The past year showcased the enduring bond between Hollywood and lingerie, thanks mainly to the success of the Michelle Williams vehicle, My Week With Marilyn. Not only did the Oscar-nominated film reawaken a global obsession with Marilyn Monroe, it gave a tremendous boost to the UK retro label What Katie Did, which provided underpinnings for the film and whose now-legendary bullet bra is shown in the main photo above.
Before we settle in to watch the Academy Awards tonight, we put together this gallery to show some of the many ways in which lingerie brands acknowledge their debt to Hollywood and its glamorous stars. Enjoy!
GILDA & PEARL
The independent Scottish label is one of several to borrow its name from the title of the Rita Hayworth classic, Gilda. This piece, called Goddess, was inspired by Katharine Hepburn‘s character in The Philadelphia Story.
FRED & GINGER
This elegant London label named for the classic film couple channels 1950s Hollywood glamour in its seasonal collections. Cinematic references abound in its vintage styles and photoshoots.

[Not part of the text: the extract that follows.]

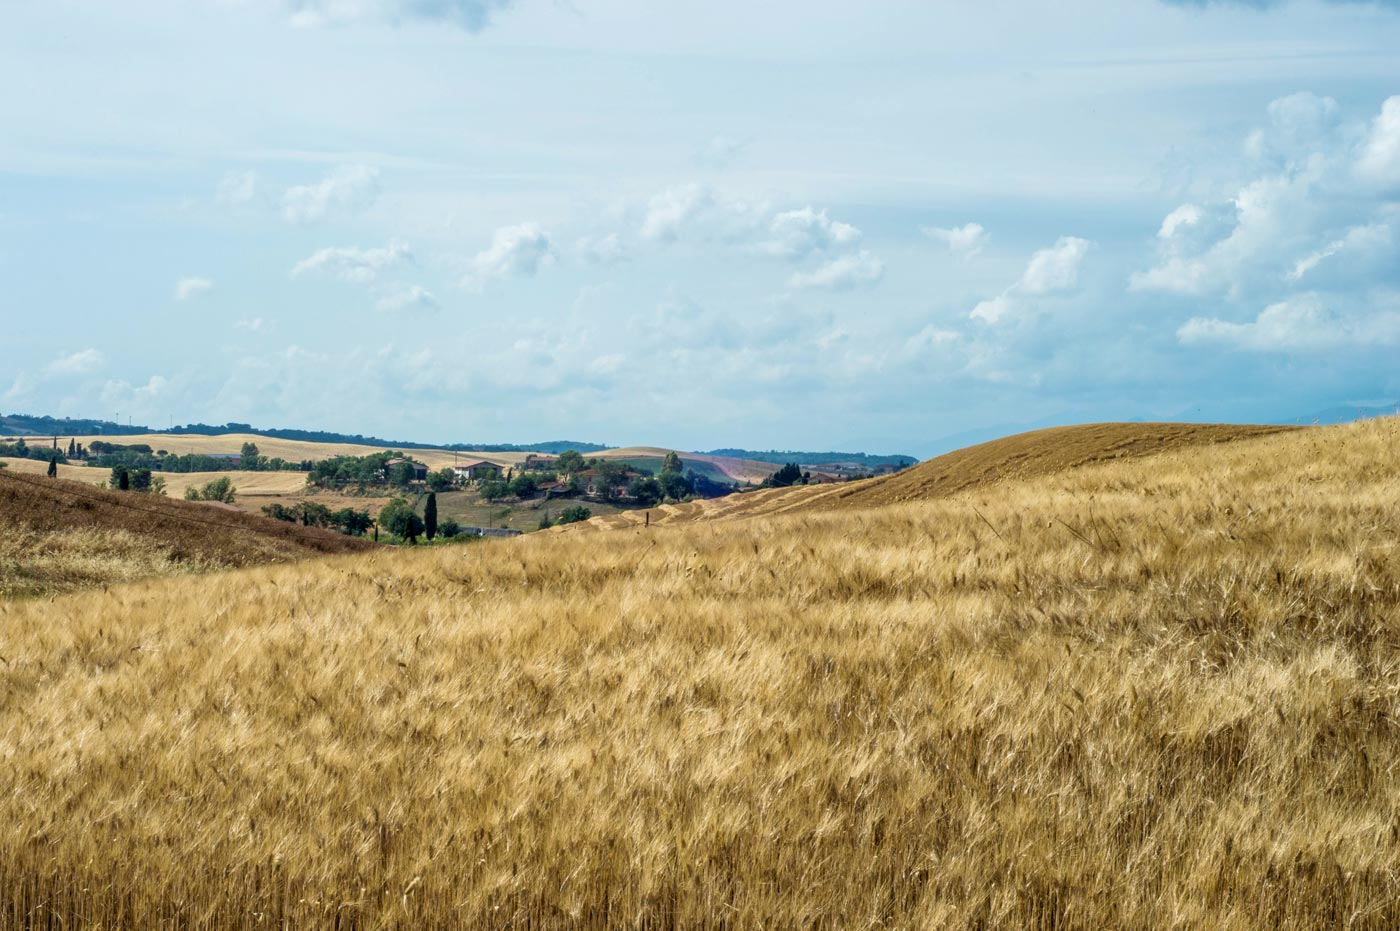 Wheat fields in Tuscany

The French luxury label occasionally singles out a screen star for special attention in its seasonal collections, as it did this winter with a Romy Schneider-inspired line. These images are from a new style range whose name says it all: Hollywood Pin-Up.
KISS ME DEADLY
The UK label has created numerous corsets, girdles, suspenders and other pieces that channel (and are sometimes named after) movie-star looks. These are two looks at KMD’s Van Doren bralet and Vargas longline panty girdle.
GOOD NIGHT GILDA
L.A. designer Whitney Galitz was inspired by the goddesses of Hollywood’s golden age, and created her designer label to recapture some of that style — but in larger cup sizes for bustier women.
The retail chain launched by ex-La Senza boss Theo Paphitis debuted last year with this retro-look Marilyn bra and girdle, though it now seems to be focusing on more contemporary styles.
A unique indie label that combines both vintage and fashion-forward styling, Lola’s spring collection includes several nods to old Hollywood. Top photo shows the shimmering gold Ritz body, followed by the sheer Screen Goddess slip and thong.
Looking to achieve Marilyn Monroe’s classic shape? The new Result Wear shaping collection from D-Mondaine offers these two pieces named after her — and which promise to help you get that figure.
New York lingerie designer/stylist Kerri Quigley brought out the Naki swimwear line last year, featuring suits printed with classic images of (and quotes from) screen stars Marilyn Monroe and Audrey Hepburn.
Another UK indie with a flair for glamour and romance, TL’s new Carousel Darling line was inspired by the designer’s favorite film, The Notebook.
SECRETS IN LACE
This excellent U.S. faux vintage e-tailer offers a Bettie Page signature collection, but otherwise doesn’t go overboard in promoting its obvious Hollywood lineage. Which is a shame, because SIL probably comes closer than any North American label to capturing the old Frederick’s-style Hollywood glamour. It does offer a Mad Men collection, though.
The NYC designer has a fondness for Tinseltown glamour, as seen in her Harlow silk tulle bolero (top) and elegant Cinema tea dress.
CHERRY BLOSSOM GIRL for ETAM
Another set inspired by the film Gilda, this beautiful black lace-and-silk range was one of three that the Parisian blogger created this spring based on her favorite movie characters.
The super-luxe British couture label was made for Hollywood, and its sumptuous pieces have appeared in numerous films and TV shows. (They even had a gifting suite at the Academy Awards in 2010!) This is an early look at their new Double Trouble kimono and Swarovski-laden Tie Me Up, Tie Me Down lingerie set, which will likely show up on some lucky young starlet soon.